Communicate to Mitigate Workforce Anxiety

It’s important to keep in mind that employees returning to the workplace may have experienced some physical, emotional, psychological or even financial hardship throughout the various stages of the pandemic. Recommendations surrounding communication include:

Reinforce Cultural Reminders

  • Reiterate any messaging of the overall vision of the organization and how it may be impacted during this time of change and stress.
  • Make clear that a safe workplace ultimately is shared responsibility for the health of all employees.

Increase and Maintain Engagement with Employees

  • A thoughtful communication plan will net positive results among employees. Consider ongoing and frequent updates to keep employees informed. There is no such thing as “too much” communication during this time of uncertainty.
  • Provide clear guidance on where employees can turn if they experience any concerns about their health, dependent care or job security.
  • Keep employees engaged and protect their well-being (ensure that leadership across the board are providing adequate support and keeping their team connected).
  • Understand how the outbreak has impacted employees personally as this may affect their personal connection to the organization.

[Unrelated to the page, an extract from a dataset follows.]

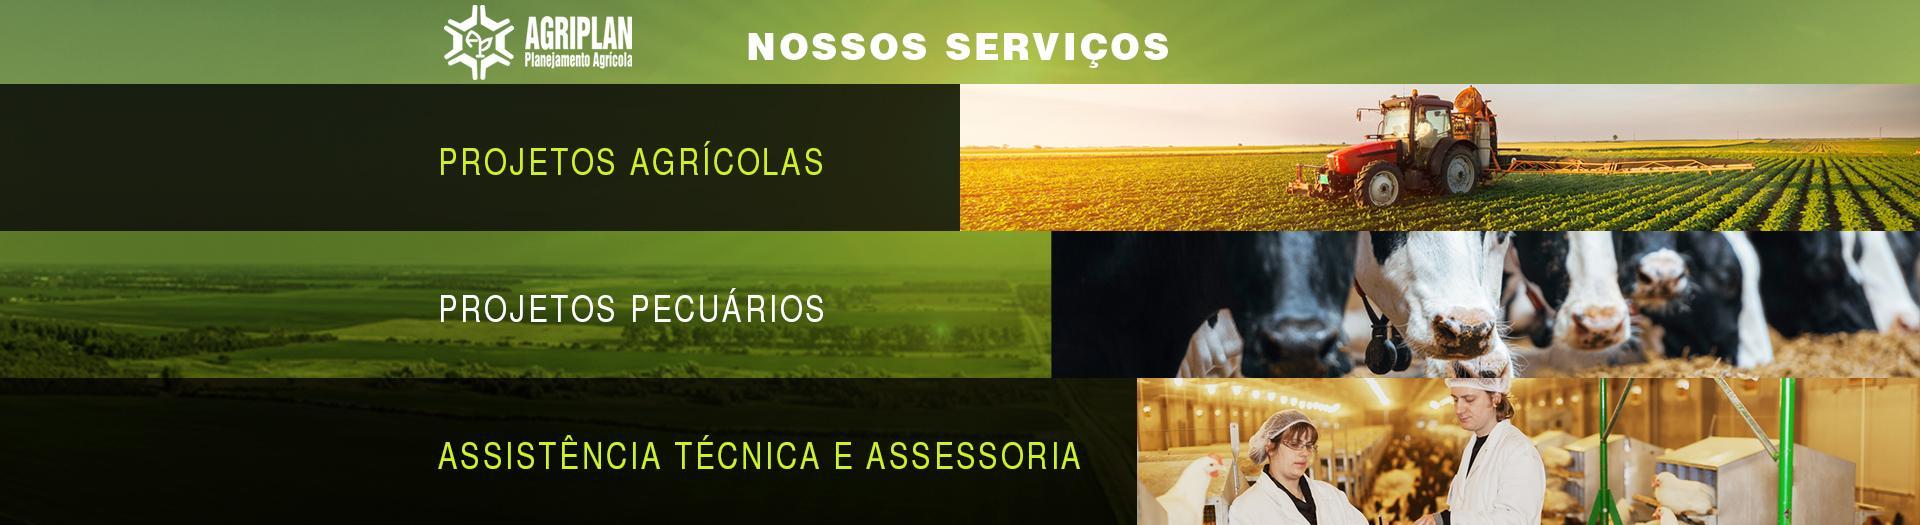 156633548286_banner_servico.jpg

Some organizations may find using a mix of these readiness essentials helpful as they prepare the workplace for the physical return of their employees. As each entity begins navigating this unfamiliar territory, it is important to remain abreast of any workplace guidance published by our governing bodies, including the Centers for Disease Control (CDC), the World Health Organization (WHO) and The U.S. Department of Labor’s Occupational Safety and Health Administration (OSHA).